I also did it for another presentation, where they wanted two of us to arrive at the airport at the same time so we could take a car in together. My contact suggested a morning flight, and being a good boy I did get a morning flight. Then a couple of days beforehand she told me that the other person was arriving four or five hours after me, and that I’d have to wait at the airport. And given that that particular airport was BWI [Baltimore Washington International], I said that maybe another time would be better. So then they sent two cars.
When it comes to travel, sometimes if you don’t self-advocate you can have a really miserable time. You have to advocate for what’s appropriate.
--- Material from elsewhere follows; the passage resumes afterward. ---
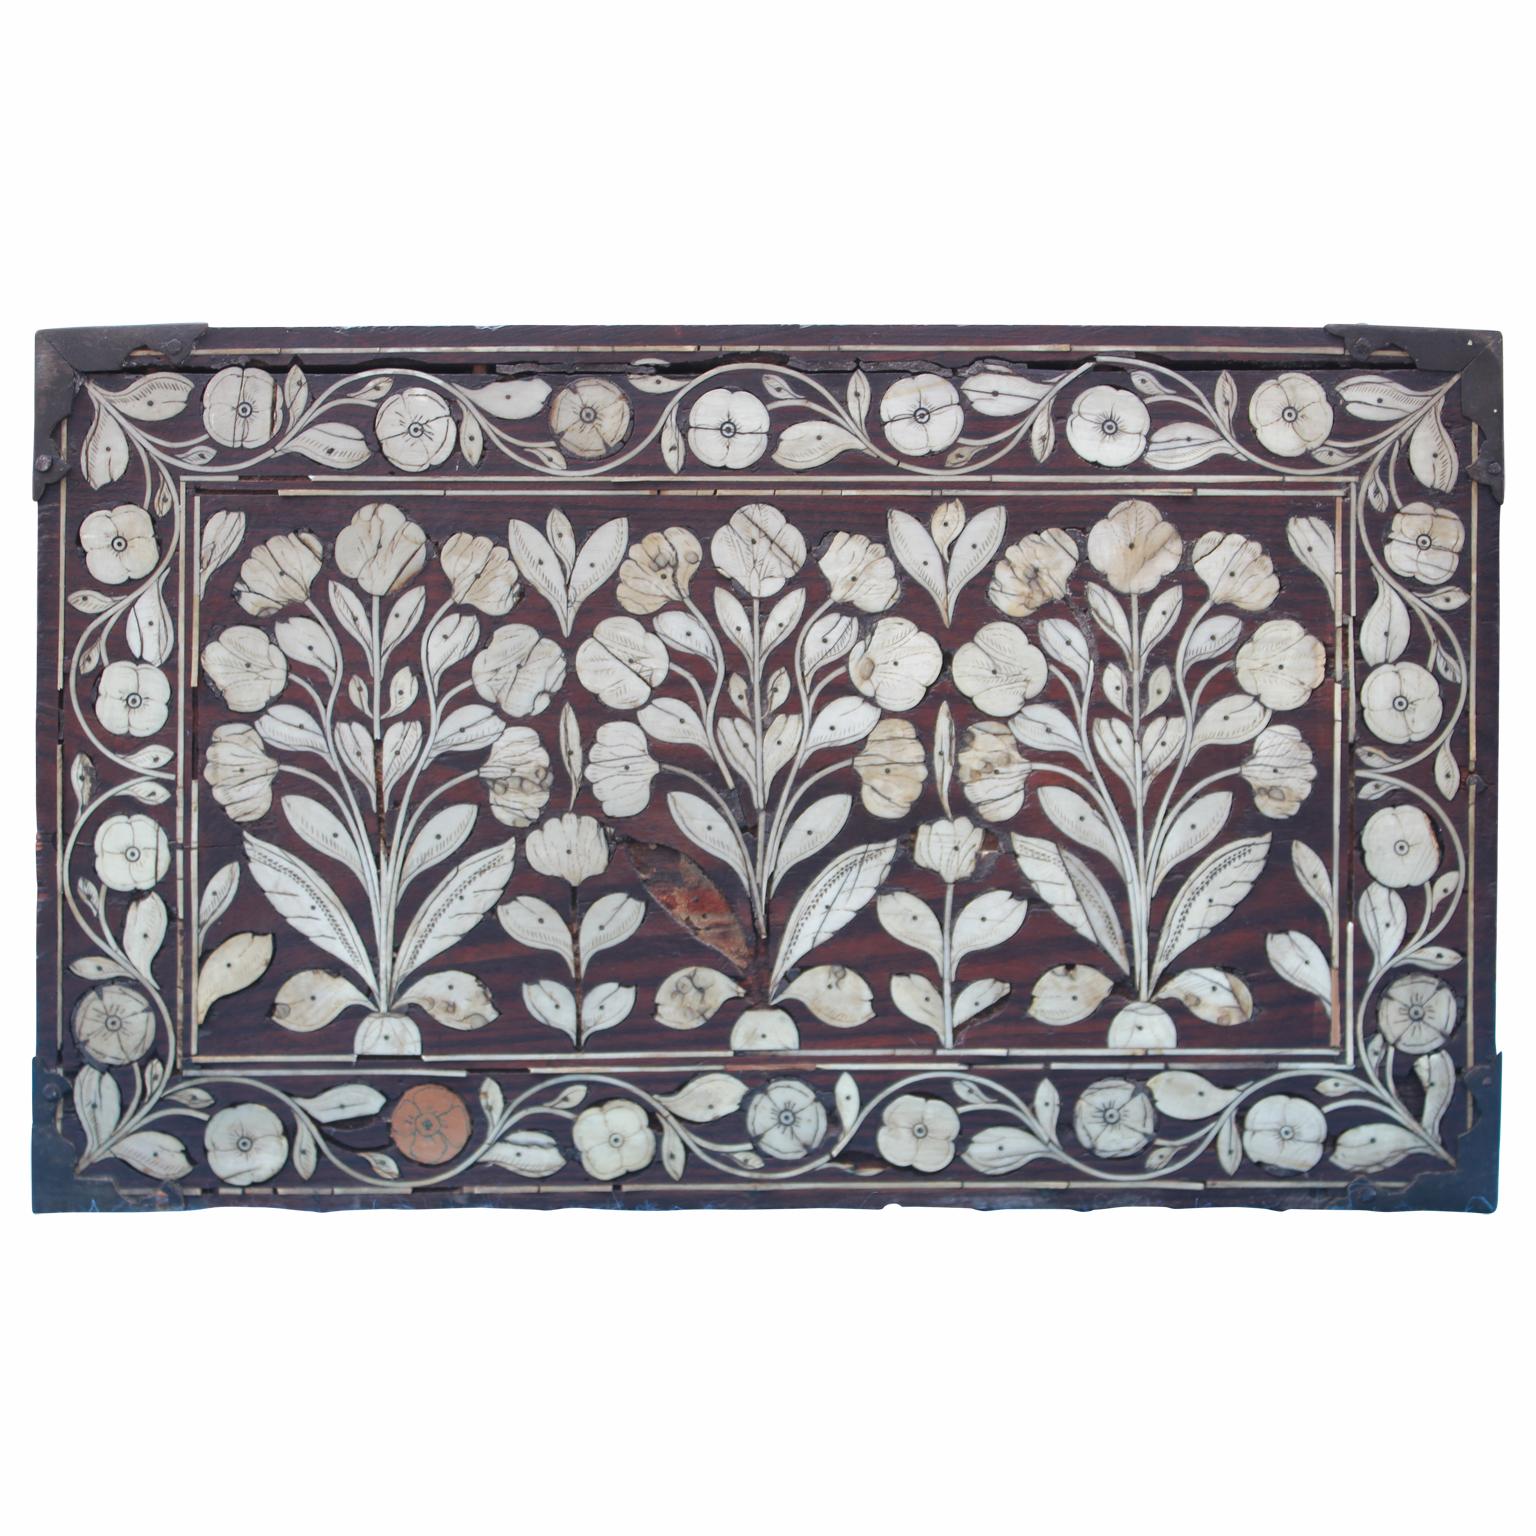 17th Century Beautiful Indo-Portuguese Mughal India Bone-Inlaid Fall Front Cabinet Box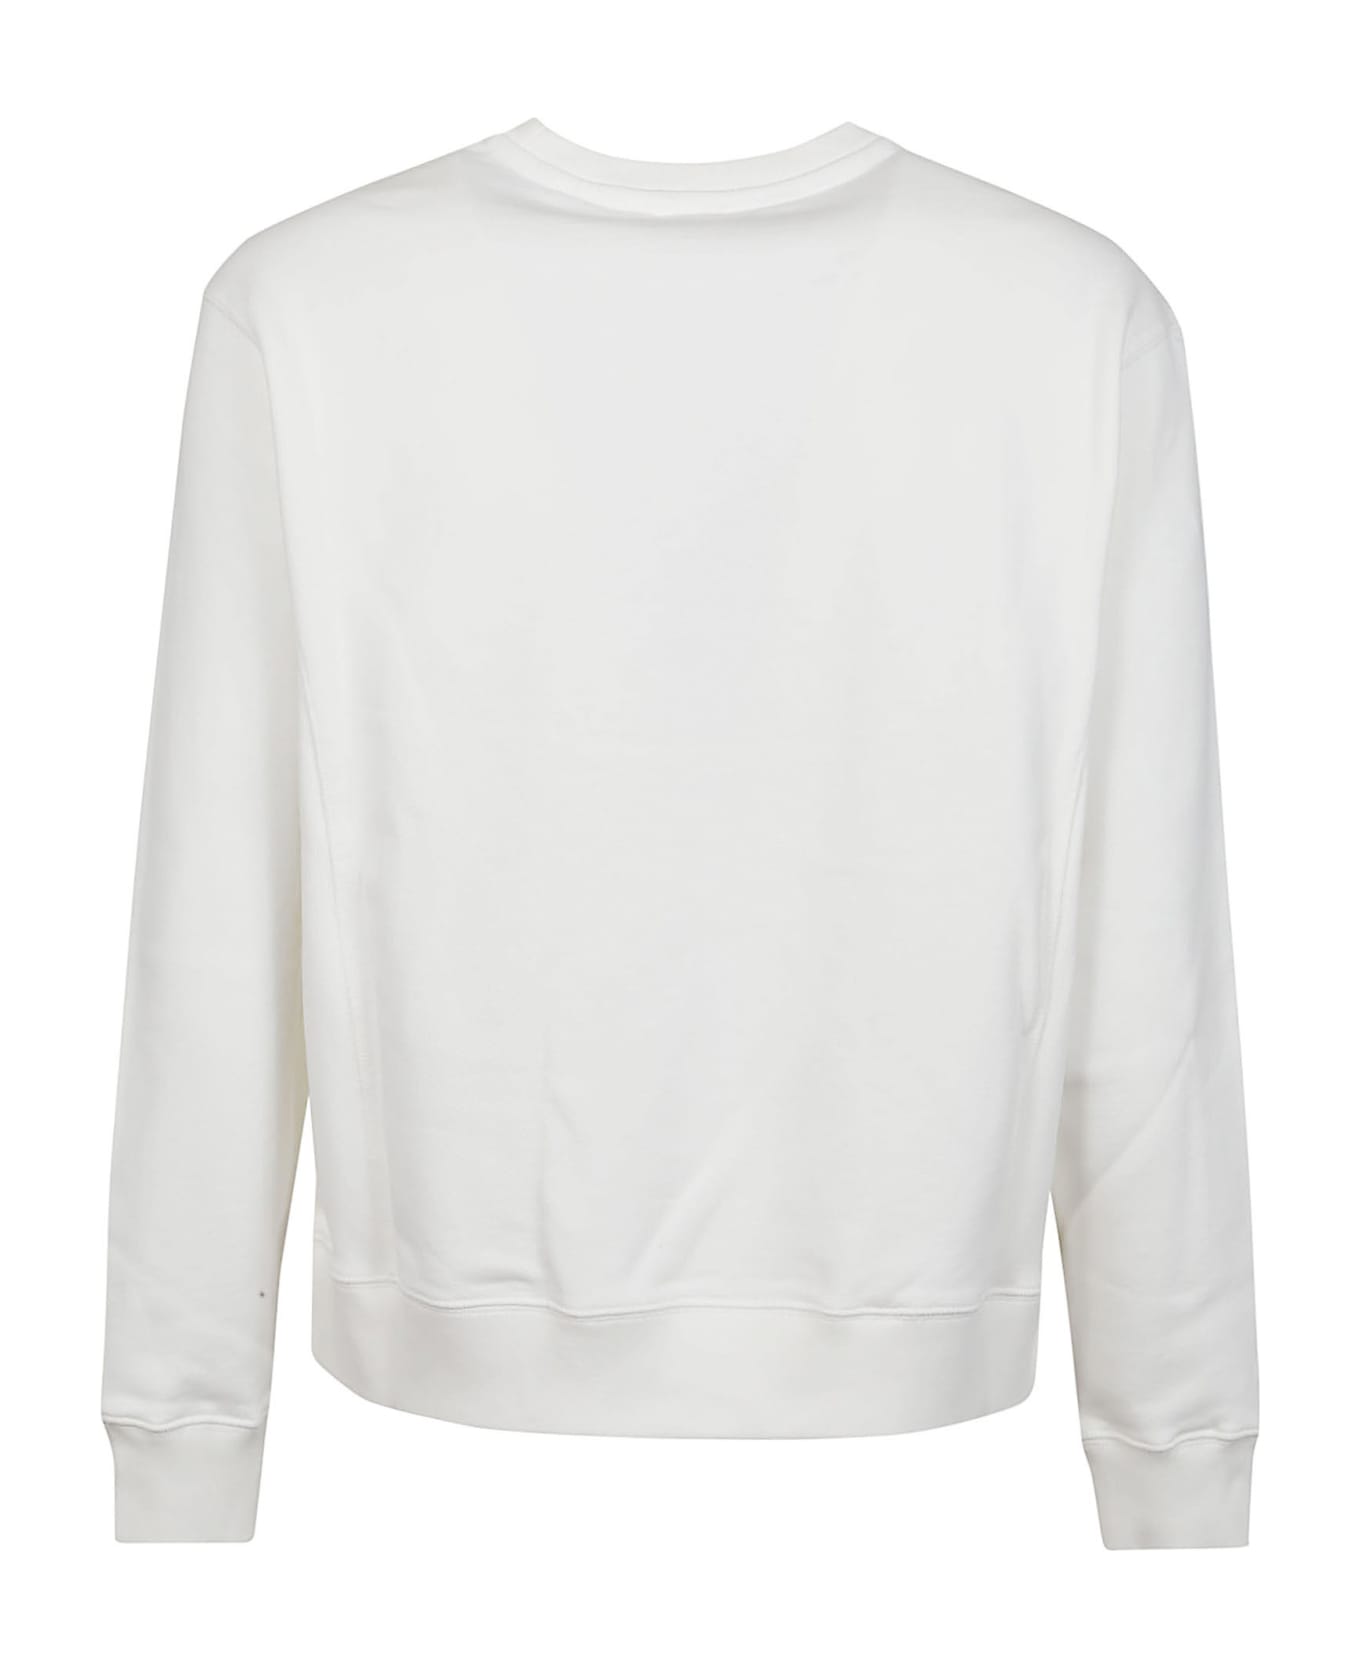 Kenzo By Verdy Classic Sweatshirt - Blanc Casse

There are certain things that should be done for speakers at a conference. I don’t ask for that much, but I don’t want to have a weird itinerary where there’s a huge layover or something like that.
I really enjoyed your presentation at the Morgan Autism Center conference. I appreciated the autism simulation you did in having the audience try to speak without using words that the letter N in them. I also really liked the demonstration you did at my house with TPGA editor Jennifer Byde Myers, about sensory overload. How did you come up with those ideas?
I got them from somewhere else! There’s a lot of material out there. You can find some of it on the Internet and some of it in teachers’ supplementary materials in books, and sometimes just seeing other people do stuff. The speaking without Ns comes from Richard Lavoie, he has a number of activities that artificially induce disabilities in participants. So I just took one of his activities and customized it to being related to autism.
The sensory one, I read about it online, in a resource for simulating various disabilities [example -Eds] — so I grabbed onto that one.
I also enjoyed the wonderful Using the Airplane Bathroom video you showed at the Morgan Center conference. How did that collaboration happen, and what has the reception been?
Well, after doing some work with Dennis Debbaudt (who focuses on training first responders and police on encounters with autistic people), he and I came up with the idea that maybe we should do a video on safe travel. And that’s what that video is an excerpt from. The full video’s been done, it’s now in production mode — all we need to do is finish it up and it’ll be available.
Are you the primary actor in the whole video?
Yes. It was a lot of fun. Now we just need to find the time to finish putting it together.